On September 30, 2025, FINRA issued a Letter of Acceptance, Waiver, and Consent (“AWC”) to Velocity Clearing, LLC (“Velocity”), a broker-dealer, finding violations of Rules 3110 (adequate supervisory systems) and 2010 (high standards of commercial honor) from December 2019 to the present. FINRA determined that Velocity failed to establish, maintain, and enforce supervisory systems and written supervisory procedures reasonably designed to detect manipulative trading by customers. The settlement imposes a censure, a $1,000,000 fine (with $81,056 payable to FINRA and the remainder to a set of U.S. equities exchanges), and a requirement to engage an independent consultant to improve Velocity’s policies and procedures.
FINRA found Velocity’s supervisory procedures were inadequate. Velocity’s written supervisory procedures required the firm to monitor for fraudulent devices or schemes but did not specify what factors reviewers should consider, whether to assess patterns over time, how to document dispositions, or when or how to escalate alerts for a principal’s second‑level review. As a result of these failures, FINRA found the supervisory program was not “reasonably designed” to achieve compliance with applicable securities laws and regulations, and with applicable FINRA rules under Rule 3110.
Principally, FINRA determined that Velocity failed to adequately configure its automated compliance systems. From December 2019 through December 2022, the firm failed to enable its vendor system’s prearranged‑trading surveillance—even after receiving peer inquiries concerning more than 40 customers.

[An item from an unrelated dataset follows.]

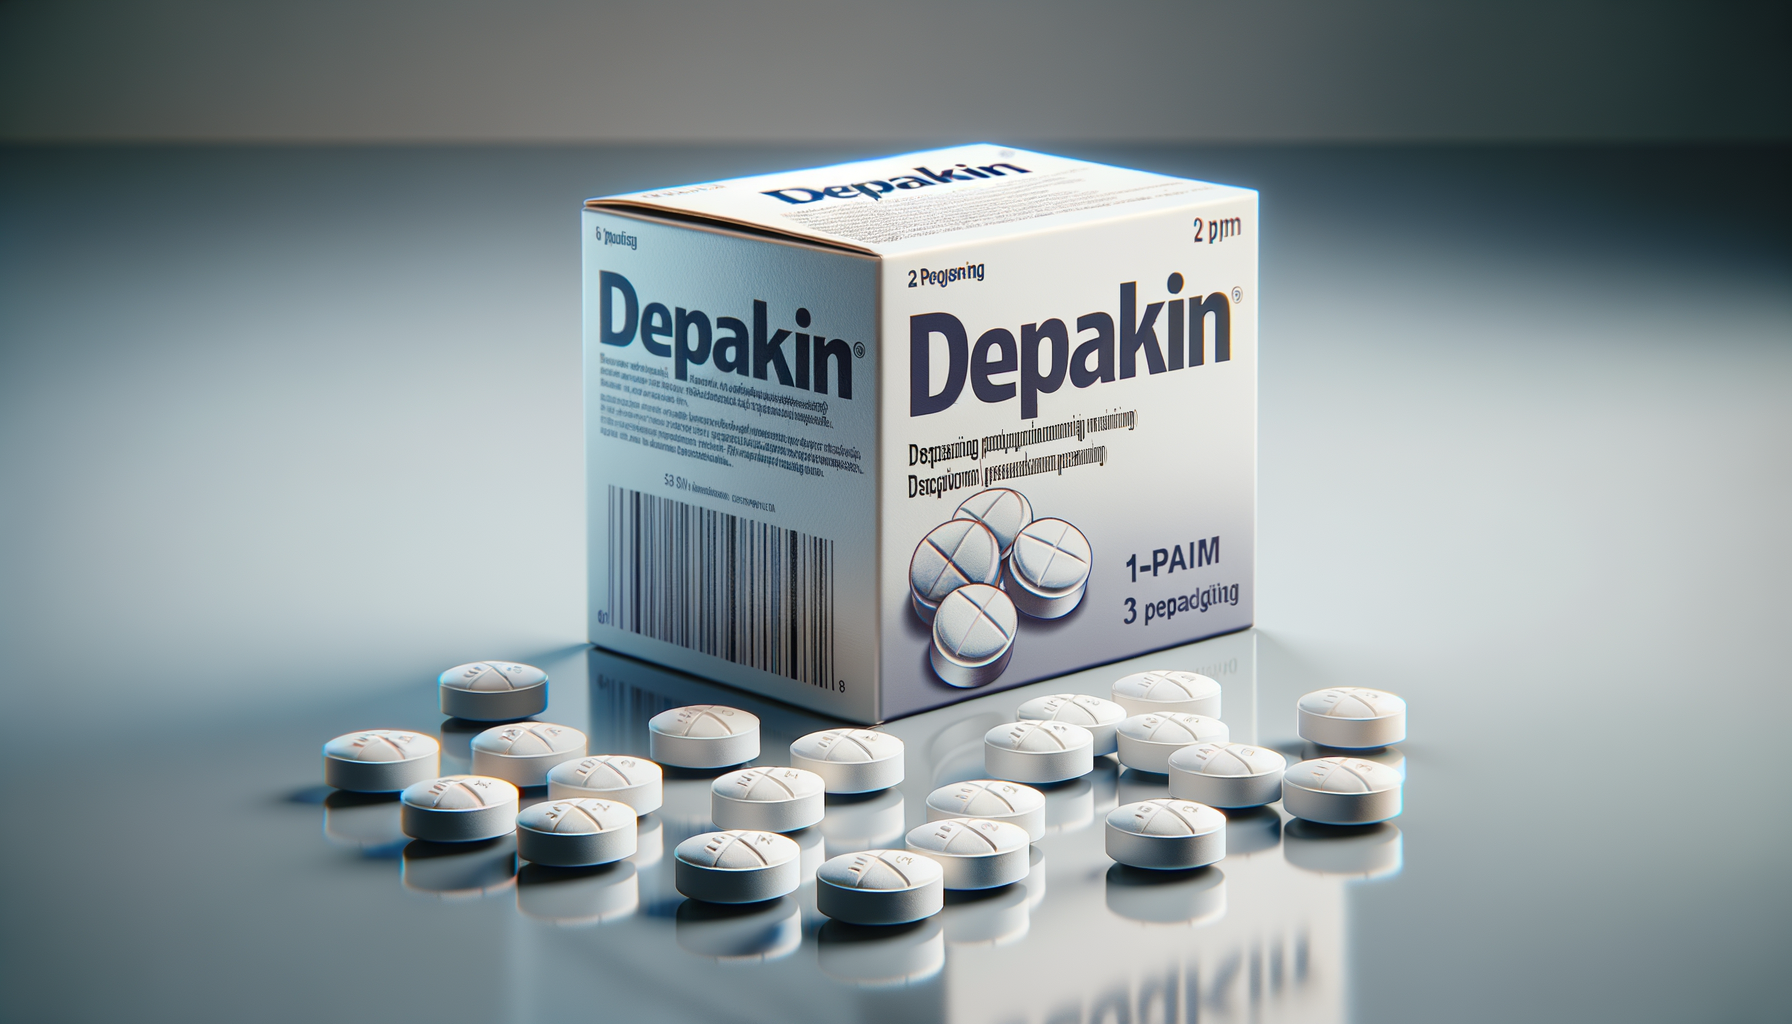 Come si chiama l’acido che contiene il depakin?

FINRA alleged that when that module eventually was turned on, it promptly generated more than 10,000 alerts, which the firm never reviewed.
At other times, Velocity’s system generated nearly 150,000 alerts for potentially manipulative activity (including cross trades, spoofing, layering, and wash trading) by its customers. FINRA found the firm closed more than 147,000 of those alerts (98%) without any investigation, with approximately one‑third closed on the same day the alert was generated. FINRA observed that the firm’s staff sometimes closed hundreds or thousands of alerts in a single day without appearing to conduct any review or escalation, and there was no supervisory review of the alerts or the process for clearing the alerts after closure. Some alerts were never addressed.
FINRA noted that inadequate staffing and training compounded the problem. For part of the period, a single associated person—with other duties—handled alert review; later, the firm added compliance staff, but FINRA found staffing was still inadequate and noted no written guidance or training was provided. The combination of volume, staffing, and training gaps prevented reasonable reviews and follow‑up. FINRA found that these failures violated Rule 3110, which states that “[f]inal responsibility for proper supervision shall rest with the member . . . ” and requires that supervisory system provide, at a minimum, in part reasonable efforts to determine that all supervisory personnel are qualified, either by virtue of experience or training, to carry out their assigned responsibilities.
In July 2023, Velocity replaced its surveillance platform. The new system produced approximately 15.2 million alerts (including for layering, spoofing, and wash trading). The firm closed nearly all without investigation, and as of early 2025, over 5.2 million alerts remained unreviewed. FINRA concluded that the supervisory failings persisted despite the platform change, viewing Velocity as a recidivist.
FINRA expects surveillance systems to operate effectively, with proper configuration, adequate staffing, and active oversight. Failures such as disabled functions, mass alert closures, or persistent alert backlogs may evidence violations of Rules 3110 and 2010. Firms that lack tailored written supervisory procedures, alert escalation processes, or adequate alert review capacity risk substantial penalties and the imposition of independent consultants in FINRA enforcement actions.